DUNKIRK: Shattered by bomb impacts, the 100-metre-long British destroyer “Keith” has been lying at the bottom of the Dunkirk channel since its sinking in 1940.
It went down during Operation Dynamo, when hundreds of thousands of Allied troops were rescued by sea from the advancing Germans.
Now the World War II warship appears in brightly coloured 3D, vertical slice by vertical slice, on the screen of Mark James, a geophysicist from Historic England. James has joined a group of archaeologists taking stock of the traces of the battle still lurking under the waves.
A British government agency, Historic England has joined the search for wrecks dating to the Dunkirk evacuation run by France’s DRASSM, which is in charge of underwater archaeology. Firing sound waves down to the seabed, a multibeam sonar “allows us to create a really nice 3D model of the seabed and any wrecks and debris,” he said.
“It’s quite an emotional feeling seeing somebody’s wreck come up on the screen,” he added. “You kind of realise the human sacrifice that was made.” Although a large ship, the “Keith” is set to “disappear bit by bit”, said Cecile Sauvage, an archaeologist with DRASSM who is one of those leading the search launched on Sept 25. Surveying the wrecks now will allow both countries to “preserve the memory of these ships and the human history behind these wrecks”, she added.
Brought to the big screen in an acclaimed 2017 film by Christopher Nolan, Operation Dynamo ran from May 26 to June 4, 1940. Encircled in northern France by Nazi German forces, the Allies threw everything into a mass evacuation.

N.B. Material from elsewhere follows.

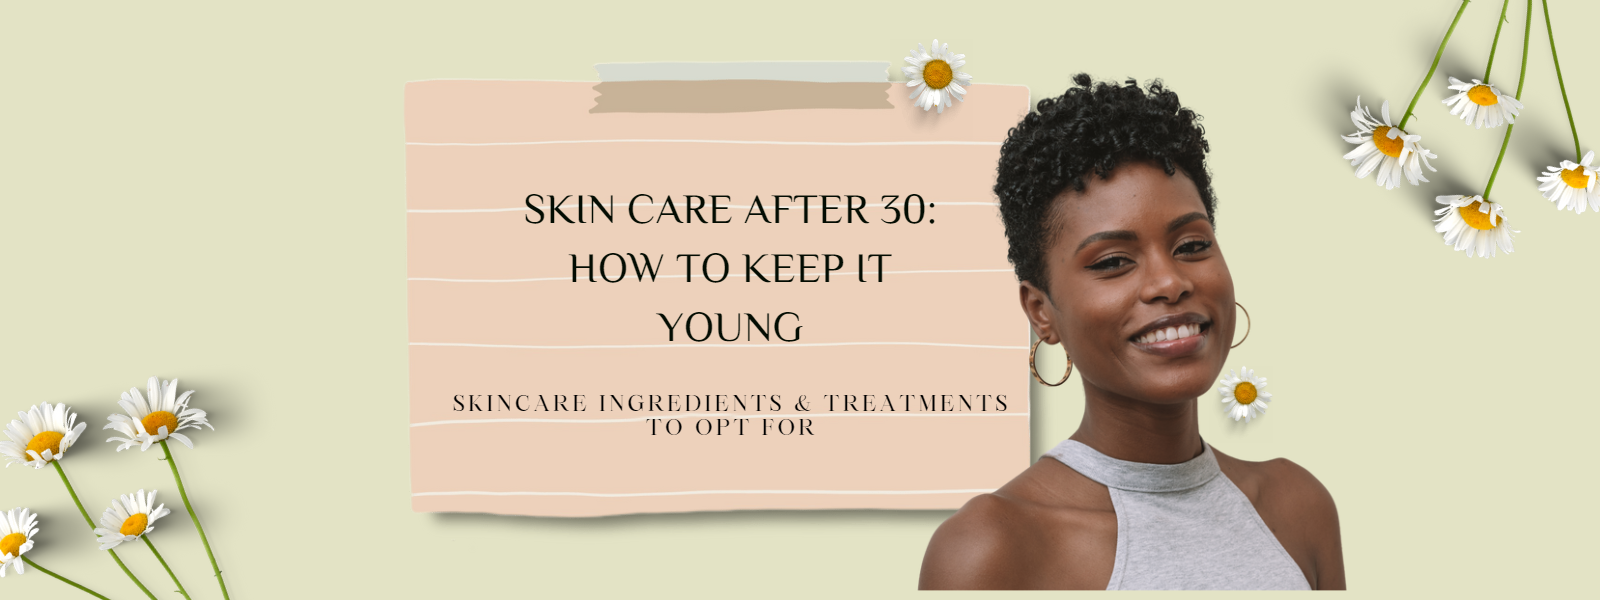 Skincare after 30: How to keep it young

Over those nine days, 338,220 soldiers — mostly British, but also 123,000 French and 16,800 Belgians — were evacuated on all kinds of vessels, cramming into military ships, fishing trawlers, ferries and tugboats. The shortest route from Dunkirk to safe harbour across the English Channel in Dover is 60 kilometres. But that path was within range of German guns already in place at Calais.